Blurring en de integratie van gastvrijheidsconcepten speelt tegenwoordig een belangrijke rol bij retailpartijen, winkelgebieden en vastgoedeigenaars om zich vernieuwend te positioneren, meer beleving te bieden en meer bezoekers aan te trekken. Vanuit de wetenschap dat een langere verblijfstijd leidt tot hogere bestedingen, is het vervolgens de kunst gasten te verleiden om zo lang mogelijk te verblijven. De retail- en binnenstadsmanagers zien de toevoeging van gastvrijheidsconcepten en (mede daarmee) de toevoeging van beleving, grotendeels als oplossing om het doorgaans dalende bezoek aan de fysieke winkelgebieden weer te laten toenemen. De gastvrijheidssector fungeert zo als katalysator op de (her)ontwikkeling van winkelstraten, gebieden en binnensteden. Ook hier zien we dat het belang van de gastvrijheidssector toeneemt.
Probleem tot op heden is dat het toelaten van nieuwe, gemengde bedrijfsmodellen niet binnen de bestaande regels past. De Drank- en Horecawet kent nog steeds een strikte scheiding tussen wat in levensmiddelenwinkels, slijterijen, horeca en nietlevensmiddelenwinkels verkocht mag worden. Afgelopen jaren hebben daarom onder regie van de VNG diverse pilots plaatsgevonden om blurringconcepten te testen, waarbij ondernemers op individuele basis niet gehouden waren aan de Drank- en Horecawet. De resultaten waren nog bescheiden. De initiatiefwet van Ziengs komt daarom als geroepen om ondernemers – zowel retail als horeca – echt met vernieuwende concepten aan de gang te laten gaan. Nieuwe concepten, waarbij niet de regelgeving maar de consument centraal staat!

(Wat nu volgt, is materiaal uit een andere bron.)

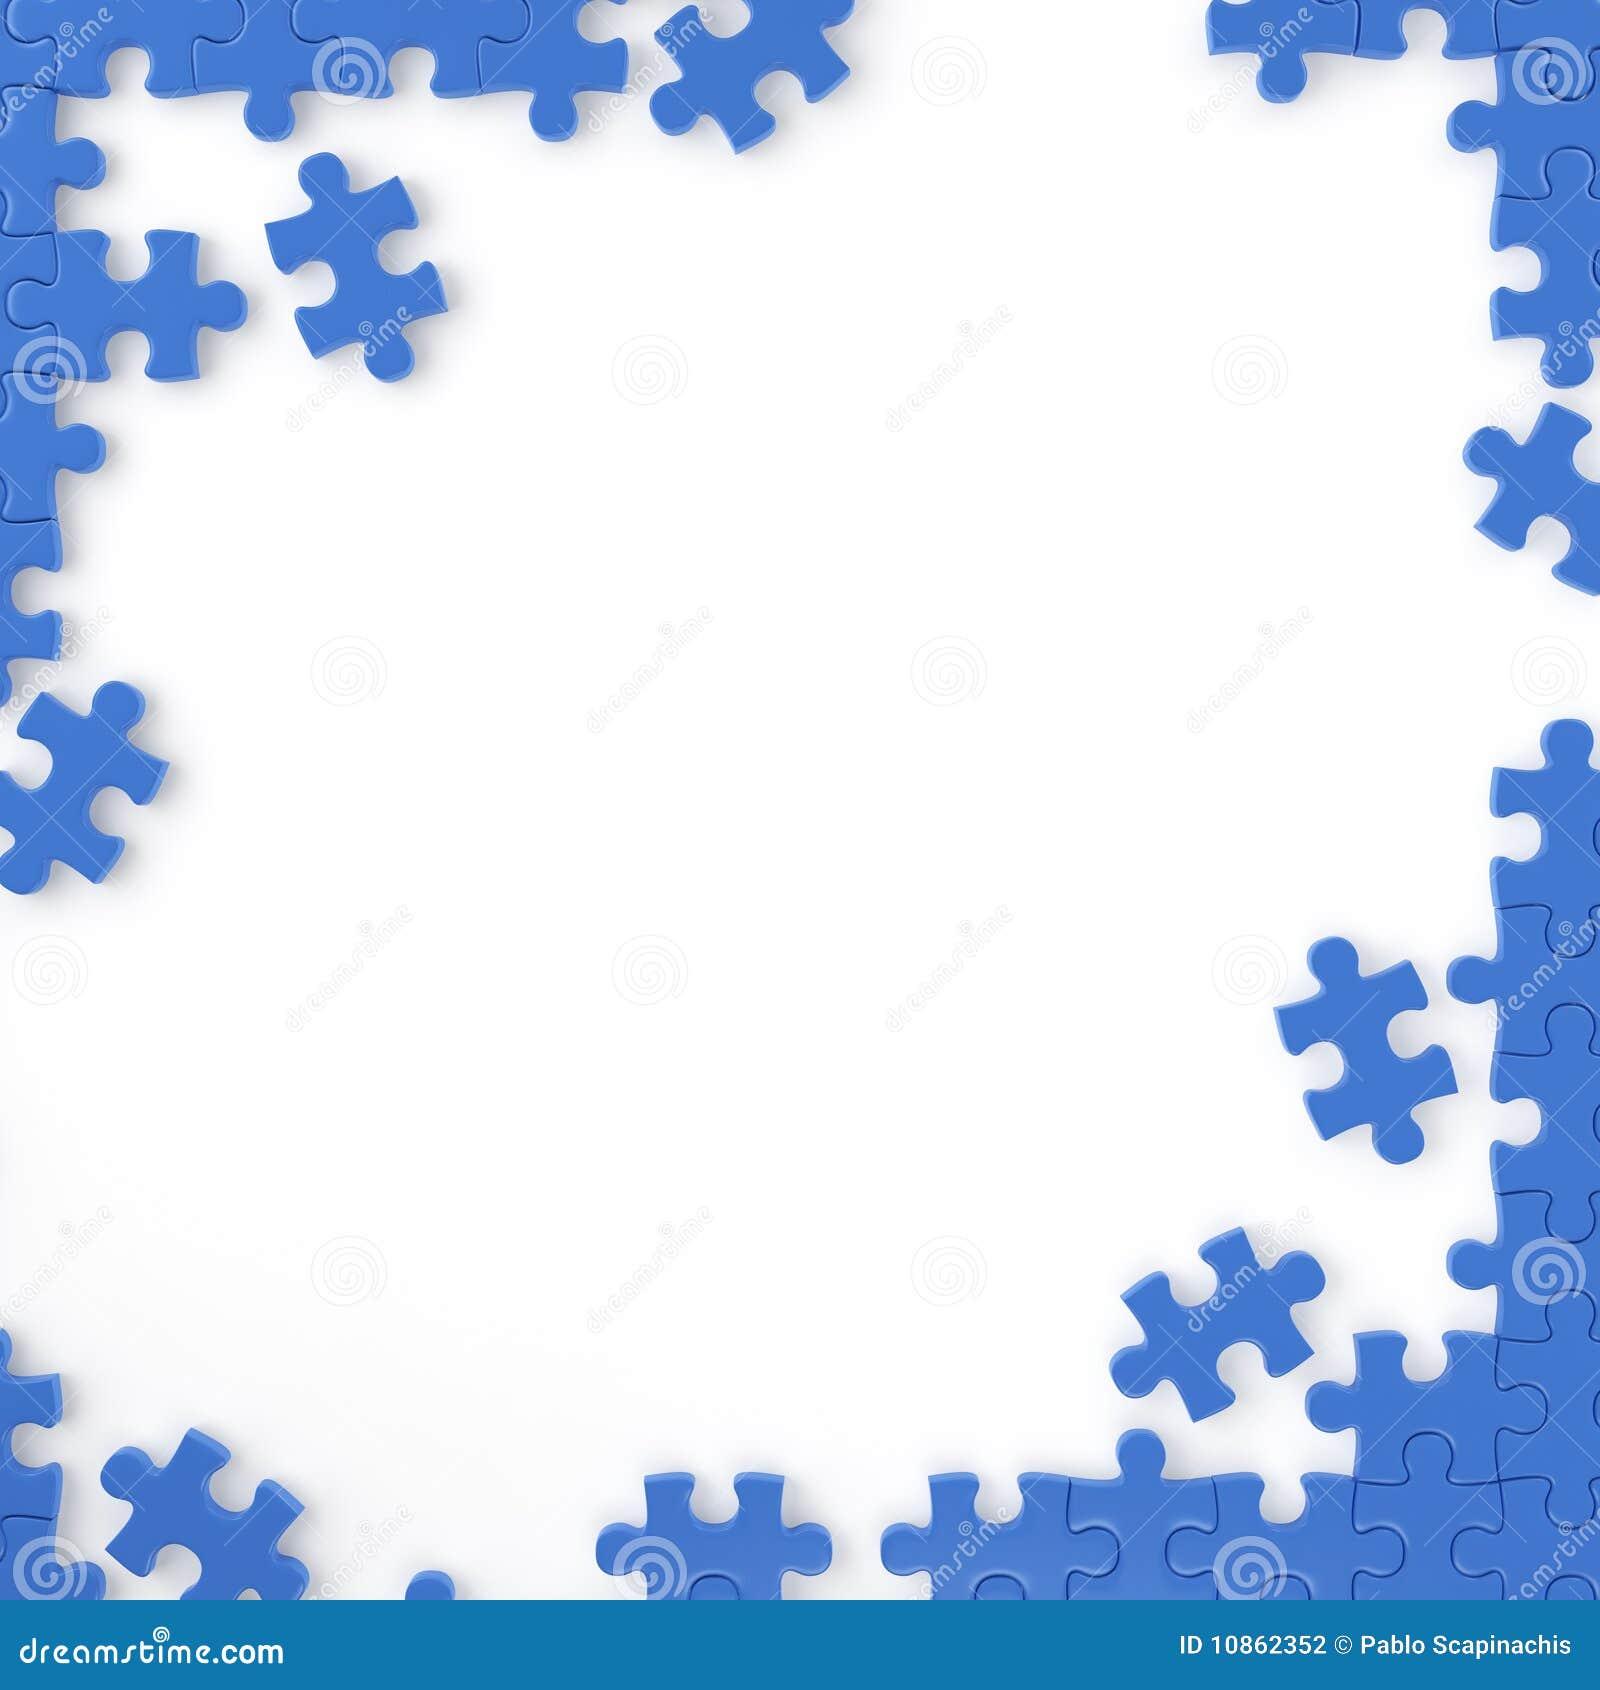 Puzzle frame stock illustration. Illustration of join - 10862352

De gastvrijheidssector als katalysator voor ontwikkeling, het is goed te zien dat hier ruimte aan gegeven wordt. Als Centre of Expertise voor de gastvrijheidssector zijn we inmiddels in gesprek met partijen uit de retail, het binnenstadsmanagement en vastgoed over de verweving van ‘hun’ domein met het gastvrijheidsdomein. We verkennen graag hoe we grensoverschrijdend mee invulling kunnen geven aan optimale gastvrijheid!